Yen-yen stops on the sidewalk, bags filled with donations hanging from her hands. “What do you think happened? You’ve seen unmarried girls without families. You know what happens to them. I was sold as a servant in Canton. As soon as I was old enough, I became a girl with three holes.” She juts her chin. “Then one day, maybe I was thirteen, I was bundled in a sack and put on a boat. The next thing I knew I was in America.”

“What about Angel Island? Didn’t they ask you questions? Why weren’t you sent back?”

“I came before Angel Island opened. Sometimes I look in the mirror and I’m surprised by what I see. I still expect to see that girl, but I don’t like to remember those days. What do they matter to me now? You think I want to remember being a wife to many men?” She shuffles down the street, and I hurry to keep up with her. “I’ve done the husband-wife thing too many times. People make such big talk about it, but why worry so much? The man goes in. The man goes out. As women, we stay the same. Do you know what I mean, Pearl-ah?”

Do I? Sam’s different from those men in the shack, that I know. But have I stayed the same? I remember all the times I’ve seen Yen-yen sleeping on the couch. Usually some new bachelor-an immigrant from China, who appears on Old Man Louie’s partnership list until his debt is paid by someone who needs a laborer at a cheap price-sleeps there. But whenever they aren’t there, Yen-yen can be found in the main room in the morning, folding blankets and reciting one excuse or another: “That old man snores like a water buffalo.” Or “My back hurts. This place is more comfortable.” Or “That old man tells me I move around in the bed like a mosquito. He can’t sleep. If he doesn’t sleep, then everyone is unhappy the next day, no?” Now I understand that her reasons for sleeping on the couch are the same ones I had when I wished I could escape Sam’s bed. Too many men did things to her that she doesn’t want to remember.

I put a hand on her arm. Our eyes meet and something passes between us. I don’t tell her what happened to me. How can I? But I think she understands… something, because she says, “You’re lucky you have Joy and that she’s healthy. My boy…” She sucks in a long, deep breath and lets it out slowly. “Maybe I spent too long in that business. I’d worked almost ten years by the time the old man bought me. There were so few Chinese women here back then-maybe less than one for every twenty men-but he got me for a cheap price anyway because of my job. I was happy, because I finally left San Francisco and came here. But even then he was like he is now-old and stingy in heart. All he wanted was a son, and he worked hard to give me one.”
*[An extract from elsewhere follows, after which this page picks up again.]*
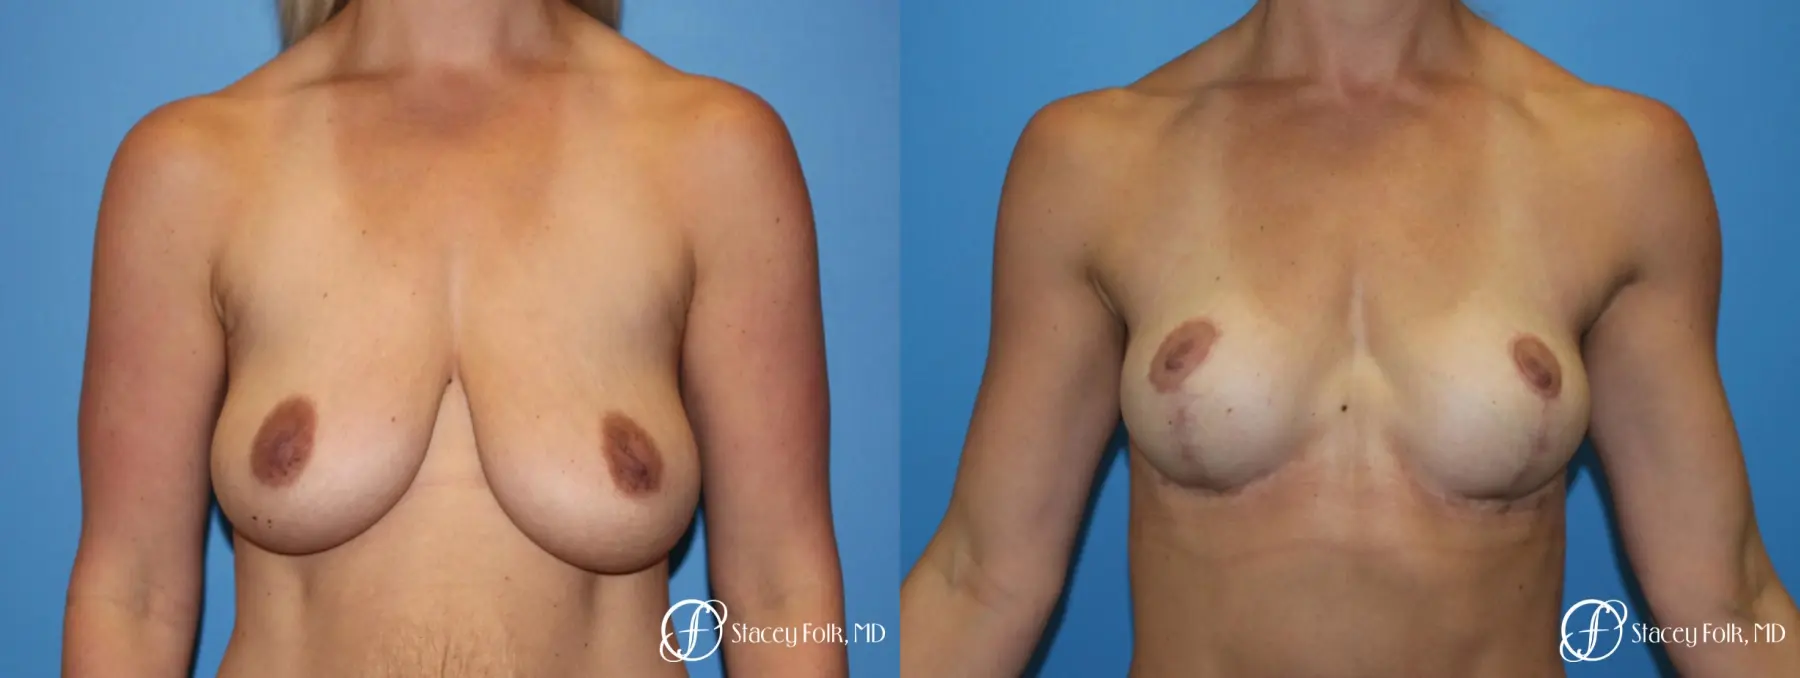 Denver Breast Lift - Mastopexy 8297 - Before and After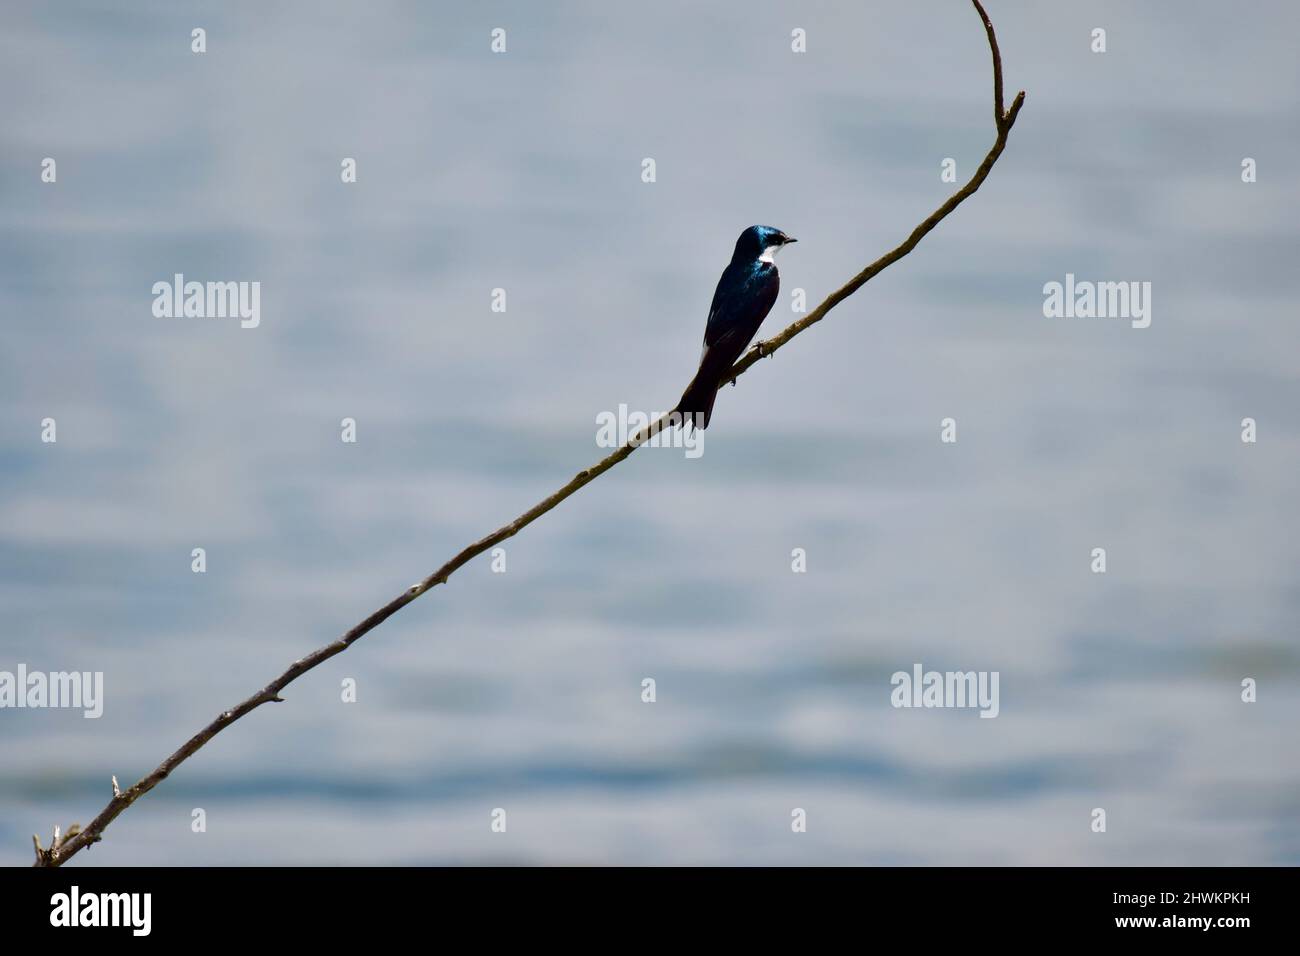 A lone mangrove swallow (Tachycineta albilinea) perched on a branch over the water at the National Wildlife Sanctuary in Crooked Tree, Belize. Stock Photo

She nods to a man sweeping the sidewalk before his business. He looks the other way, afraid we’ll ask him for a donation.

“When the old man went back to his home village to see his parents, I went with him,” Yen-yen continues. I’ve heard her say this before, but this time I hear it differently. “When he traveled around China to buy merchandise, he left me behind. I don’t know what he thought: that maybe I would stay in the house for the weeks he was gone with his essence inside me, my legs up, waiting for a son to grab hold. But as soon as he left, I walked from village to village. I speak Sze Yup. My home village has to be in the Four Districts, right? Every day I looked for a village with chestnut trees and a fishpond. I never found it, and I didn’t have a son. I got pregnant, but the babies all refused to breathe the air of this world. Every trip back to Los Angeles, we reported that I had had a son in China and left him with his grandparents. This is how we brought in the uncles. Wilburt was my first paper son. He was eighteen, but we said he was eleven to match the papers we filed claiming he was born one year after the San Francisco earthquake. Charley came next. He was easy. We’d gone back to China the next year, so I had a certificate for a son born in 1908, and Charley was born that same year.”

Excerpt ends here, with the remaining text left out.